When you copy from the entries that follow, take only the lines from the one with "BMW R1250RT, fotó: MBen" down to the one with "Keywords: motor rendőr", keeping both ends and dropping every picture.

The records -
+ + + + +
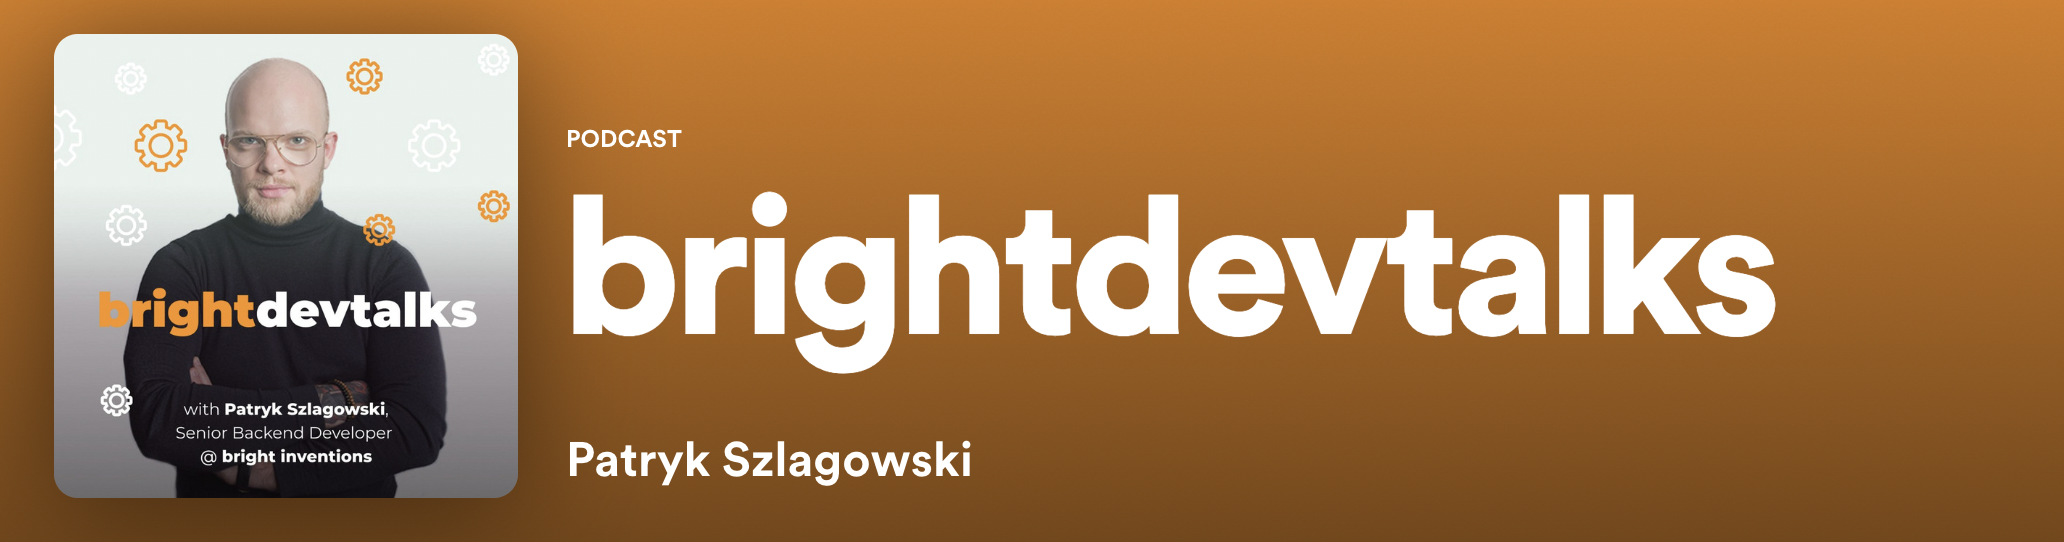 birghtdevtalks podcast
+ + + + +
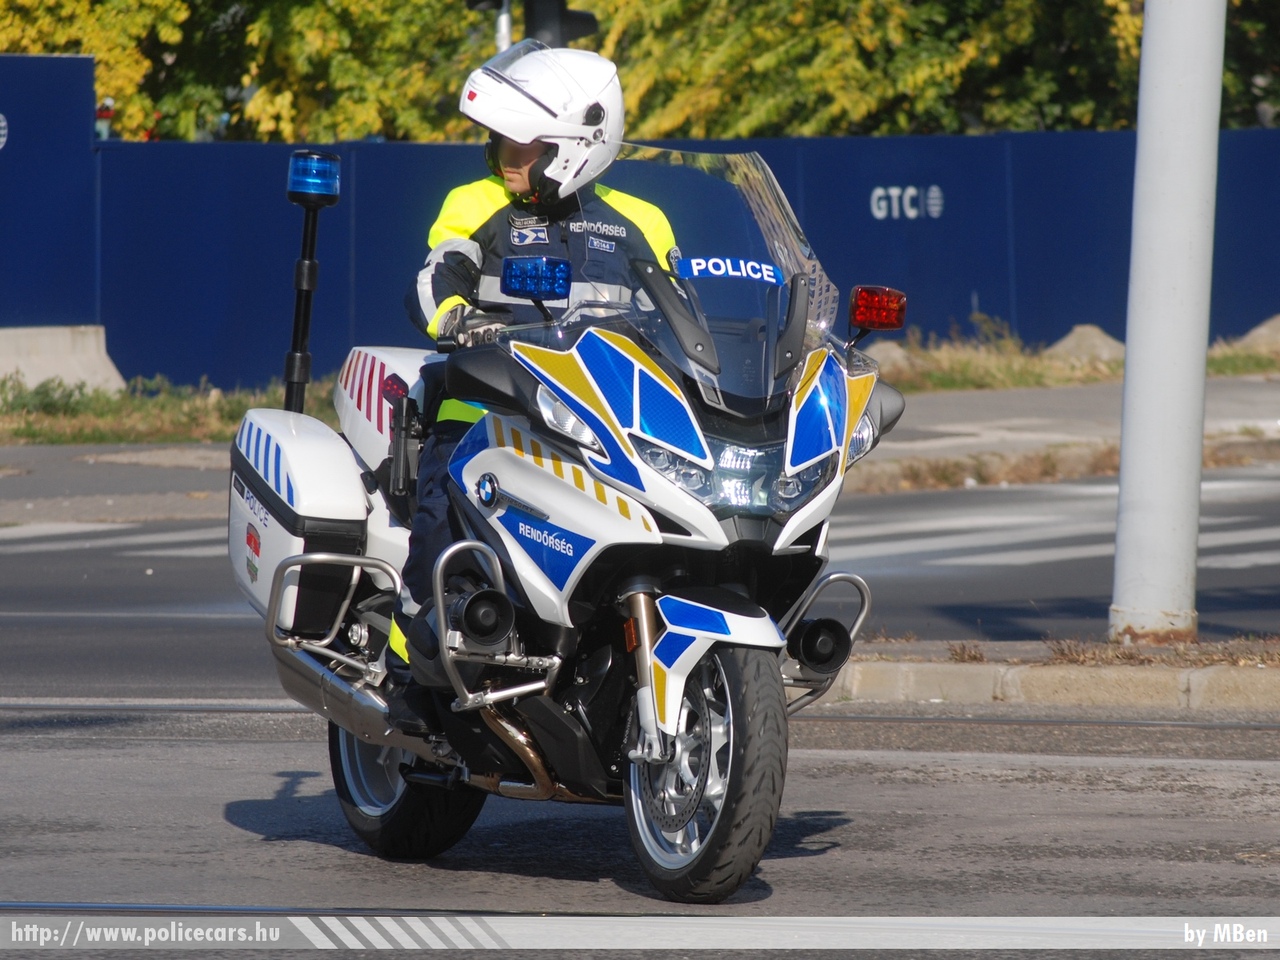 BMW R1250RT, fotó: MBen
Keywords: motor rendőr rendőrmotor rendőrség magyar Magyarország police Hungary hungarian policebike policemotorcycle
+ + + + +
Solution below -
 BMW R1250RT, fotó: MBen
Keywords: motor rendőr rendőrmotor rendőrség magyar Magyarország police Hungary hungarian policebike policemotorcycle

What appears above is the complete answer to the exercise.